When you go through the process, you'll need to provide your current income and your current rent or mortgage payment amount. Some cards will ask what you want your new limit to be and some won't.

My Results

My wife and I have our own credit cards - no joint cards. There is no real reason for this. It's just how things started out because we lived together for a while before we got married and combined our finances.

Bank Of America Travel Rewards Card - This is a new card I got about 6 months ago because I'm going to be going to Germany soon and this card has no foreign transaction fees. I was able to request an increase online. I asked for a $1,000 increase and was given a $3,000 increase. Because this is still a fairly new account, I was surprised I got anything at all.

Chase Freedom - I was not able to do this online and when I called the number on my card, they said they had to do a hard inquiry on my credit, which I consented to. I did not ask for a specific amount of increase. They ended up increasing my limit by $4,600 - exactly 20% of my old credit limit.

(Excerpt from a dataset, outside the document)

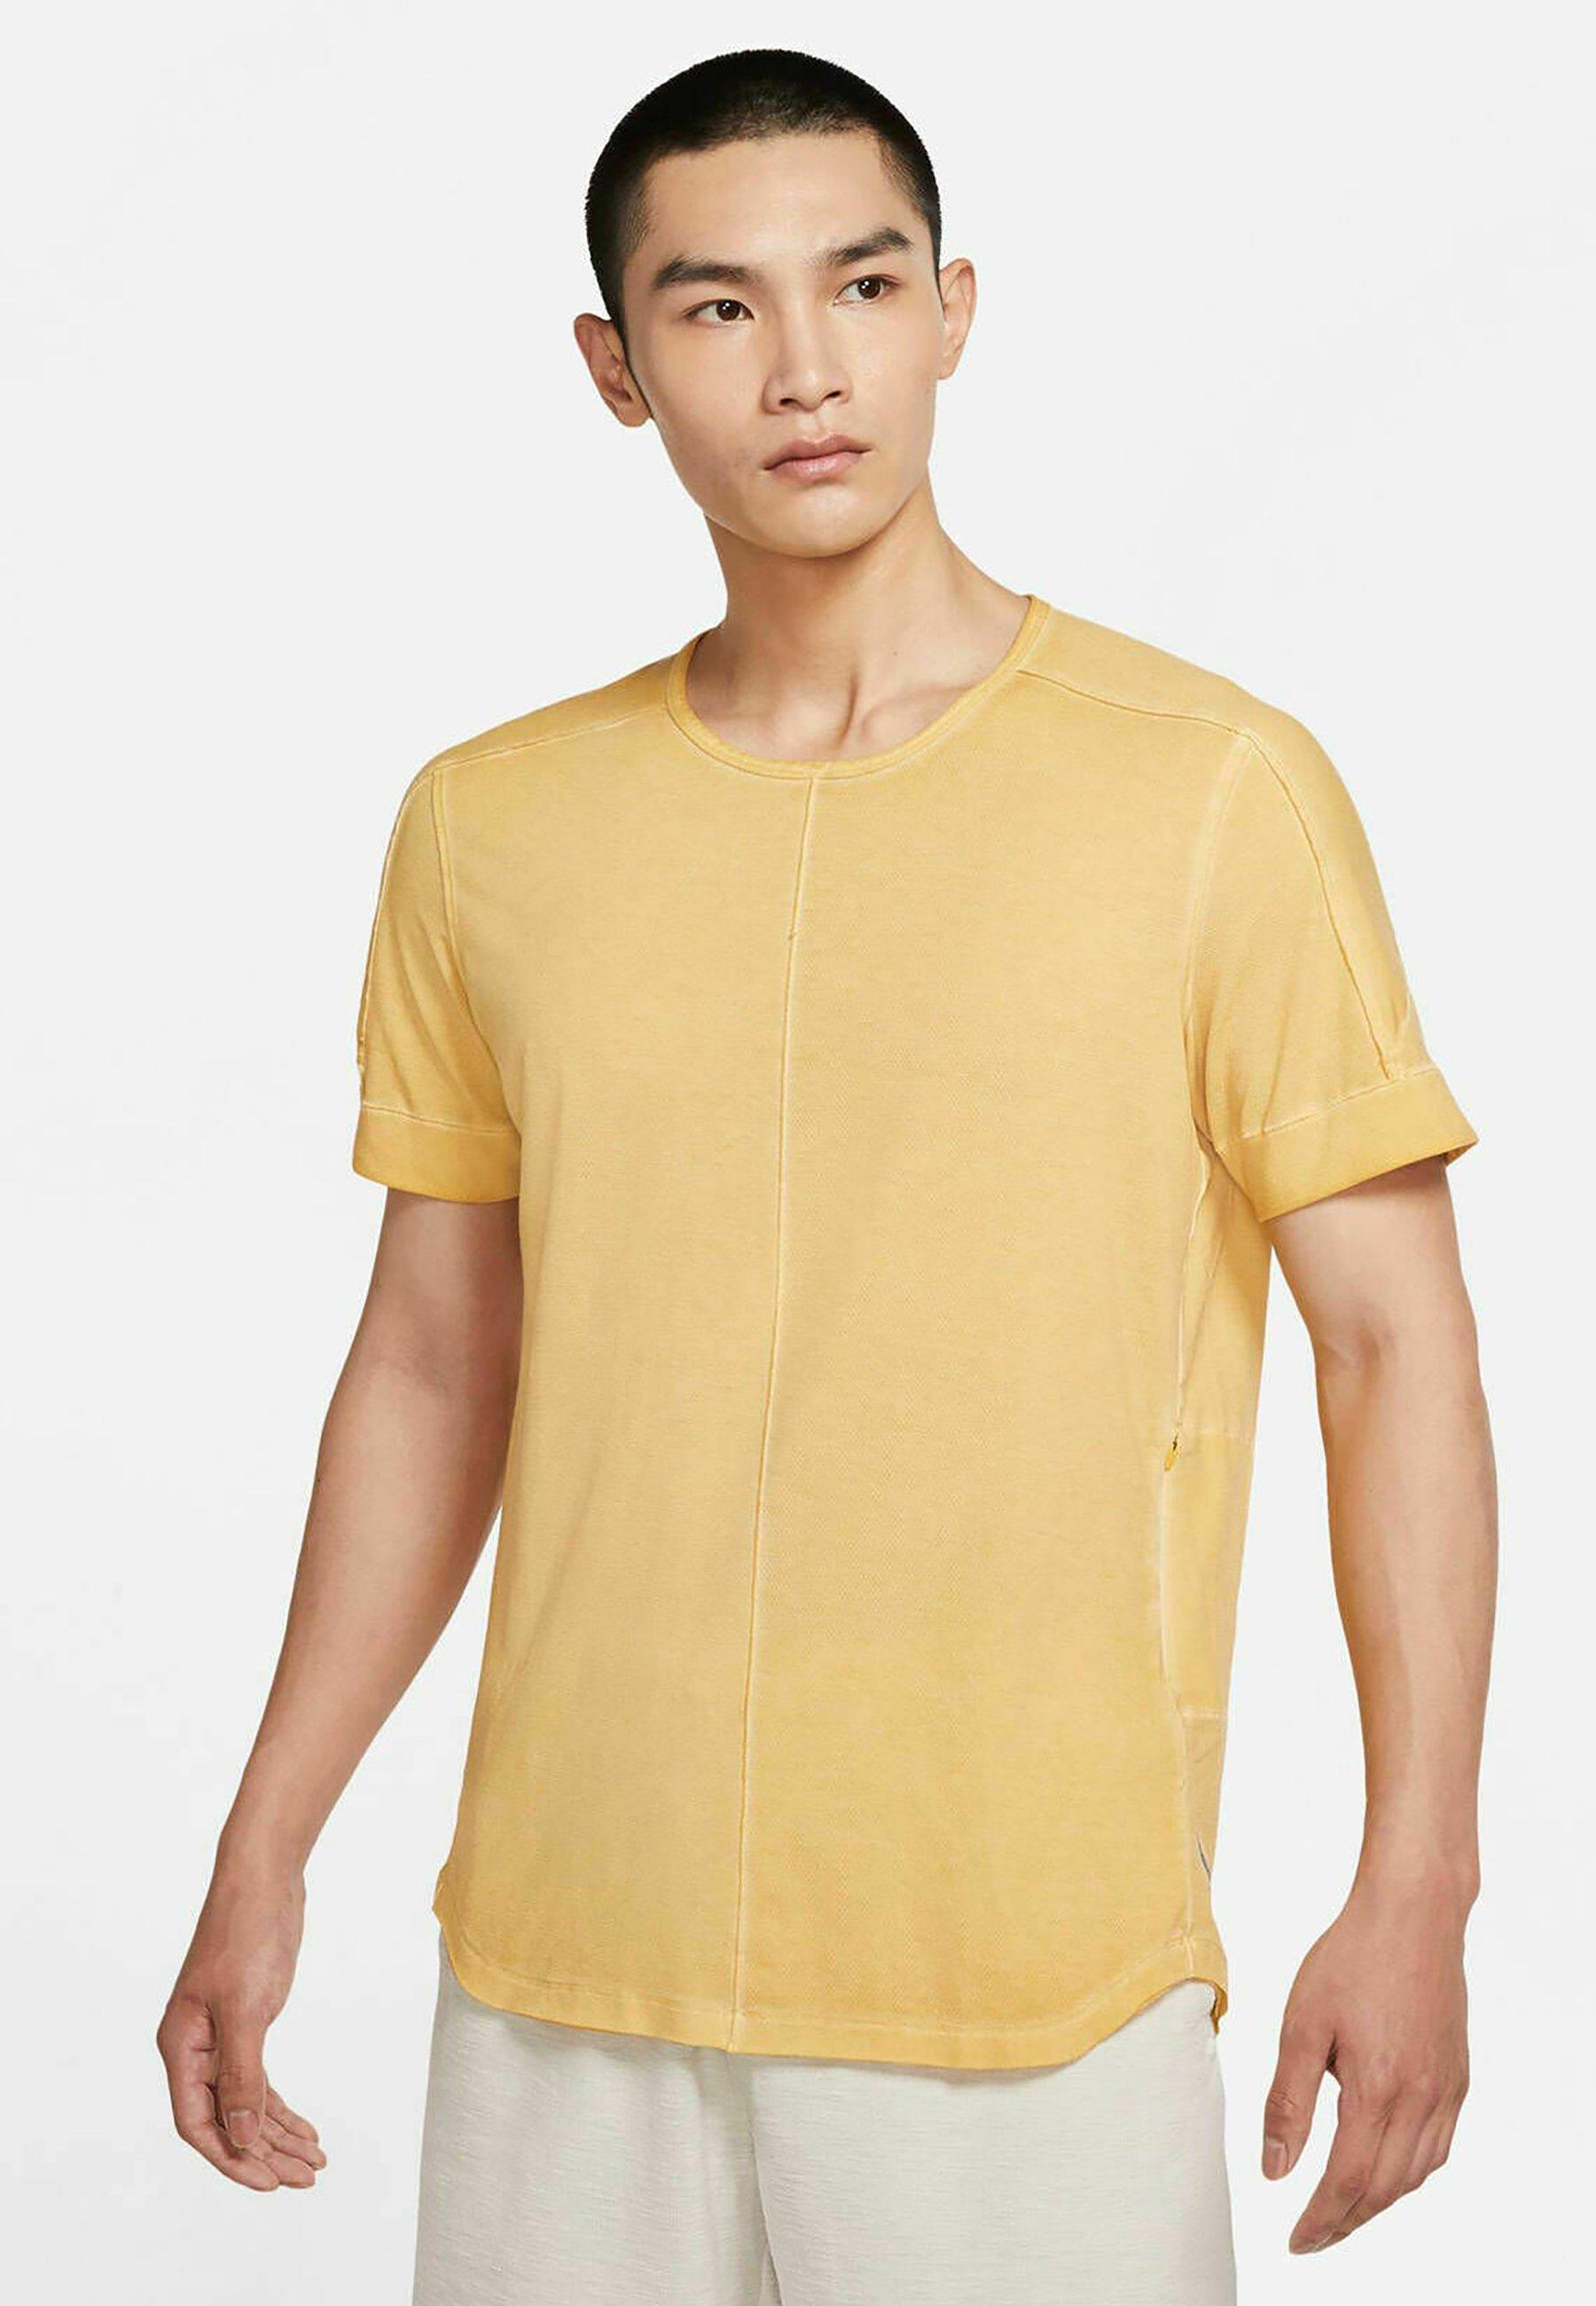 Uomo HERREN YOGA KURZARM - T-shirt basic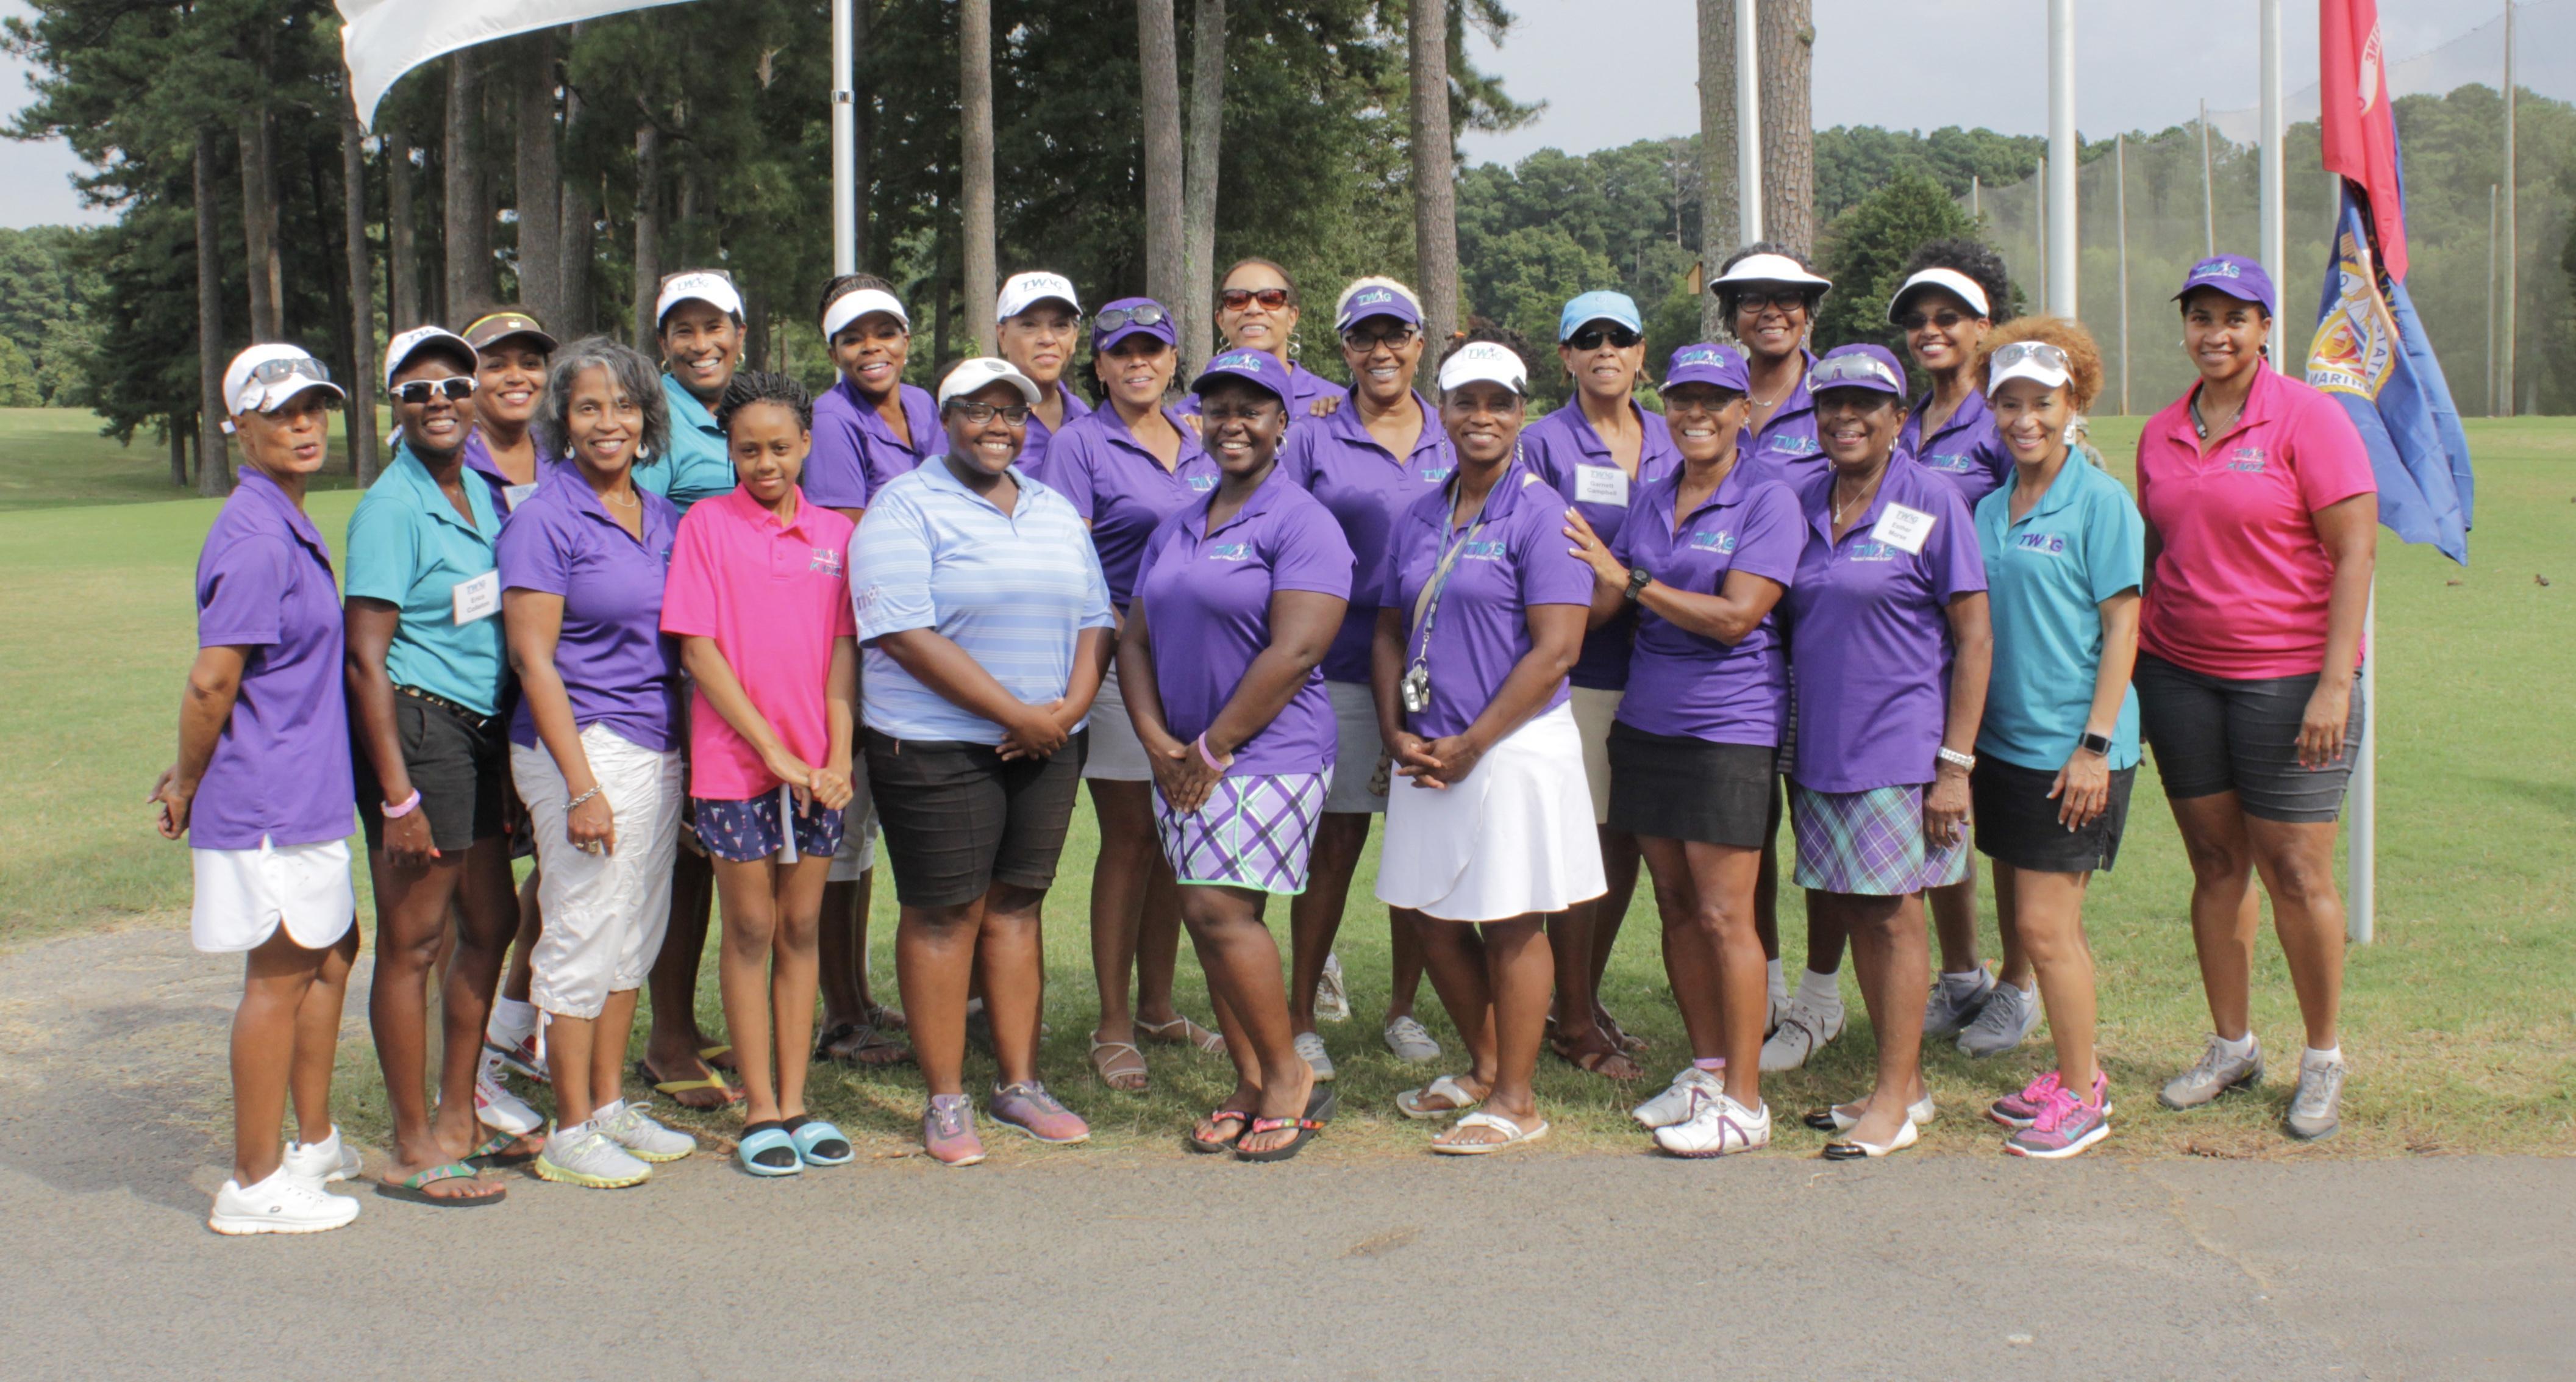 TWIG Foundation 16th Annual Invitational Golf Tournament

Citi Black Diamond Visa - This is my wife's card. I was able to request the increase online, but they asked to do a hard inquiry on my wife's credit report. I consented. I asked for a $1,200 increase and they said I would get a response in a few days. Less than 24 hours later, I got an email saying I was approved for the amount I requested (which was about a 20% increase).

My Discover card - I asked for an increase online, no specific amount. They did not check my credit and I got a $500 increase. This was the smallest increase I got and I wonder if it was because I rarely use this card.

My wife's Discover card - Jackpot! I was able to request this online and they did not ask for a credit report. I did not ask for a certain amount and she end up with a $5,000 increase! That represents a 33% increase from her old credit limit!

Your Mileage May Vary

I should also note that both my credit score and my wife's are currently 800 or higher, so we're in the "Excellent" credit rating range. We also never carry a balance on our credit cards, so this process will likely have minimal impact on our scores. So why do I bother?

I look at this as preventative maintenance. The future is uncertain and you never know what may happen. It's easier to get credit when you don't need it than when you do, so I have a reminder in my calendar to do this every year in November.

If you are trying to increase your credit score, this is one method you may want to look into.

Does anyone else do this on a regular basis?

2 comments:

  1. This has been on my list for a while for one of my cards that only has a $500 limit (I only put my Internet bill on it so I don't necessarily NEED an increase but I wanted one for just the reasons you posted). They wouldn't do it online, I have to call somebody and I've just been lazy.

    You inspired me to do it for my BoA card (that I put everything on) and they gave me a $2000 increase! So much easier to do online. I'm going to call the other bank for the other card.